Así es, lamentablemente, las leyes de la robótica que buscaban no dañar a los humanos, creadas por Asimov en 1942, no se pueden aplicar de forma simple a máquinas de guerra modernas, creadas justamente para acabar con la vida de las personas.
Tal vez nuestro miedo no sea tan moderno.
Posiblemente, ya en los albores de nuestra historia, agachado de cuclillas frente a la boca de su caverna, el humano primordial, se cortó su propia piel mientras trabajaba con raspador de sílex. Tal vez ahí, un pensamiento (o el esbozo de un pensamiento) surcó su mente, colorido con sangre y ocre como una pintura rupestre: mi propia creación puede dañarme. A partir de ahí todo fue un efecto dominó de proporciones inimaginables…

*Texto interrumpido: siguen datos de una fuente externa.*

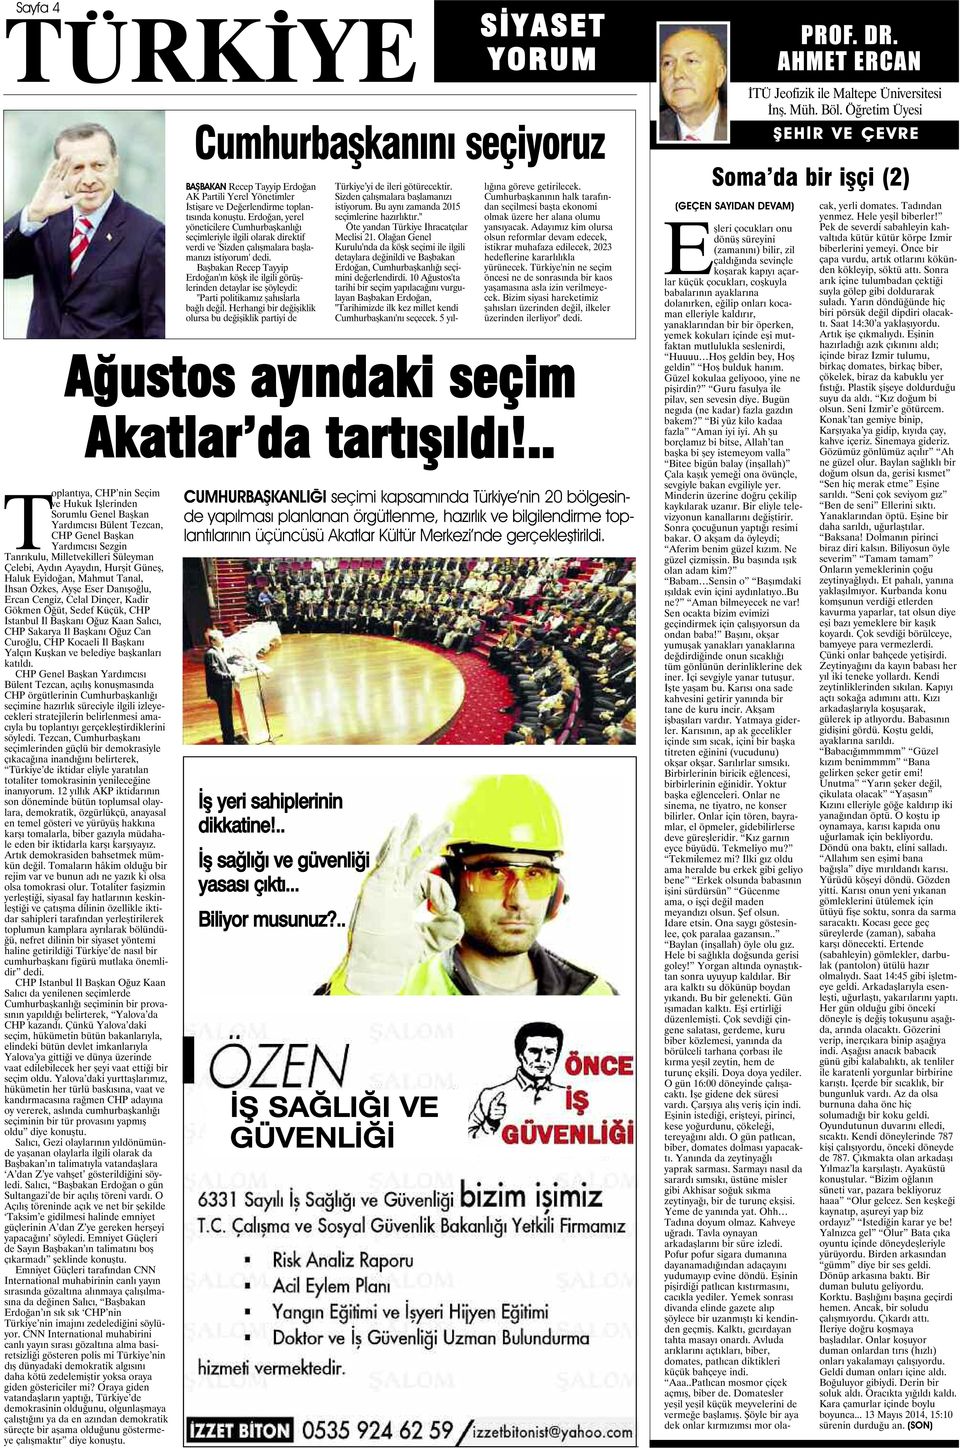 Sakarya İl Başkanı Oğuz Can Curoğlu, CHP Kocaeli İl Başkanı Yalçın Kuşkan ve belediye başkanları katıldı.
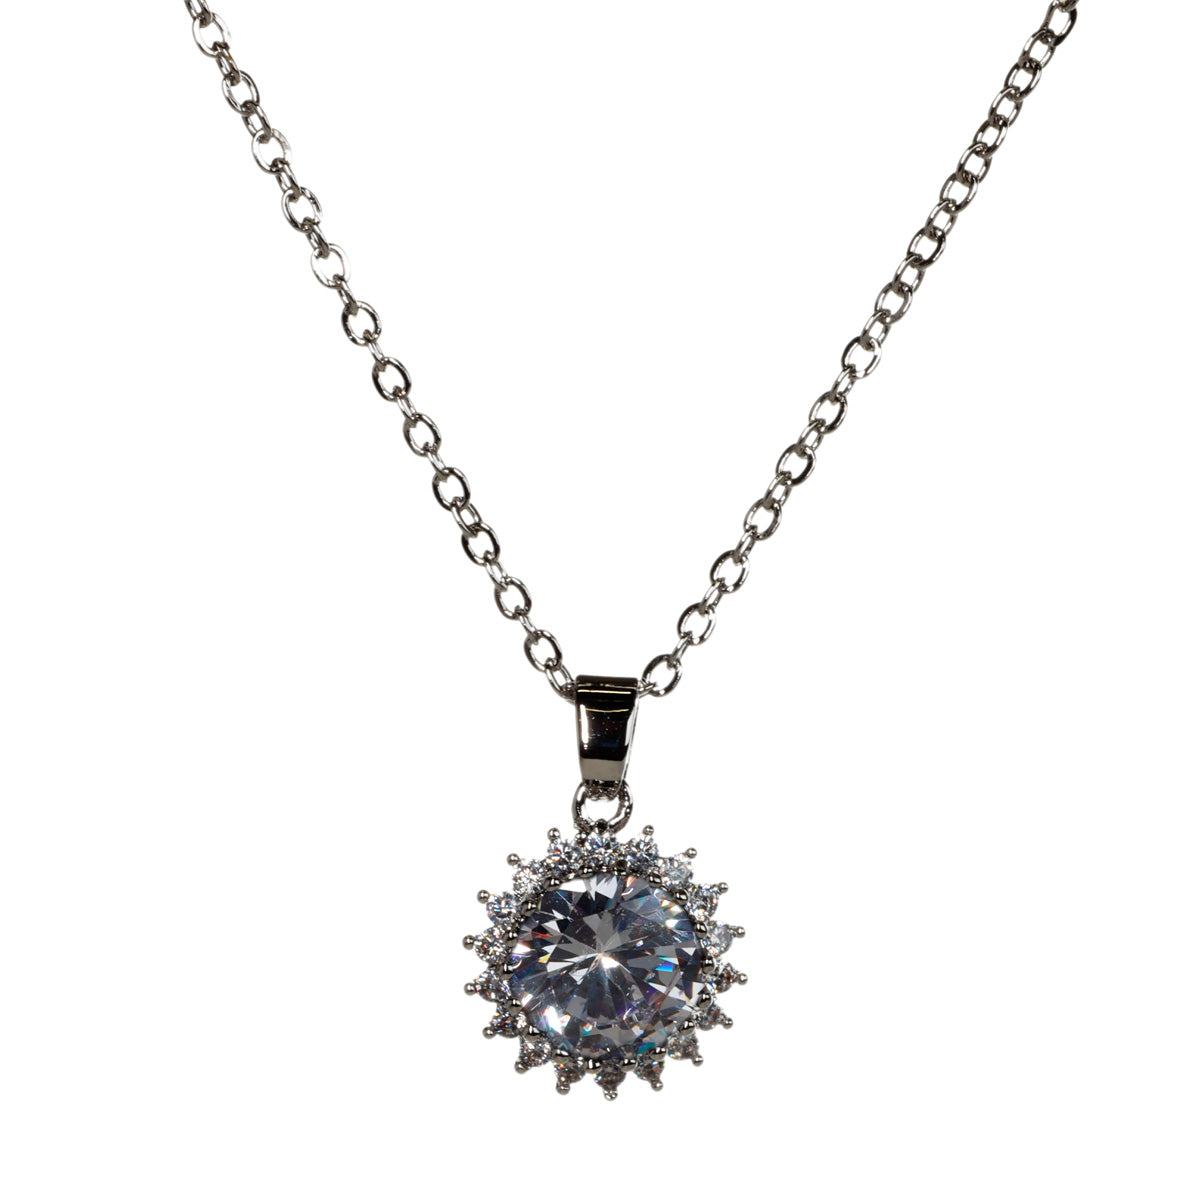 A glittering pendant necklace 46,5cm +5cm

Al final, lo último que veremos (mientras permanecemos de cuclillas como nuestro ancestro paleolítico) será una máquina que nos apunta al rostro y, desde el otro extremo del arma, remata con la frase que nosotros mismos le enseñamos: “hasta la vista, baby”.
[1] En mayo, varios medios internacionales publicaron la noticia de que el coronel Tucker Hamilton expuso ante la Real Sociedad Aeronáutica los pormenores de un experimento militar estadounidense, en el que un dron con AI atacó y eliminó a sus propios controladores humanos (por considerarlos un obstáculo en su misión). Las Fuerzas Aéreas de Estados Unidos desmintieron lo sucedido y el coronel se retractó alegando que fue un “experimento mental hipotético”.
Seguramente Hamilton posee una imaginación loable, ya que ilustró su hipótesis con diálogos concretos, pero tal vez, es más escalofriante la posición de las Fuerzas Aéreas que consideran el escenario como “un resultado plausible”.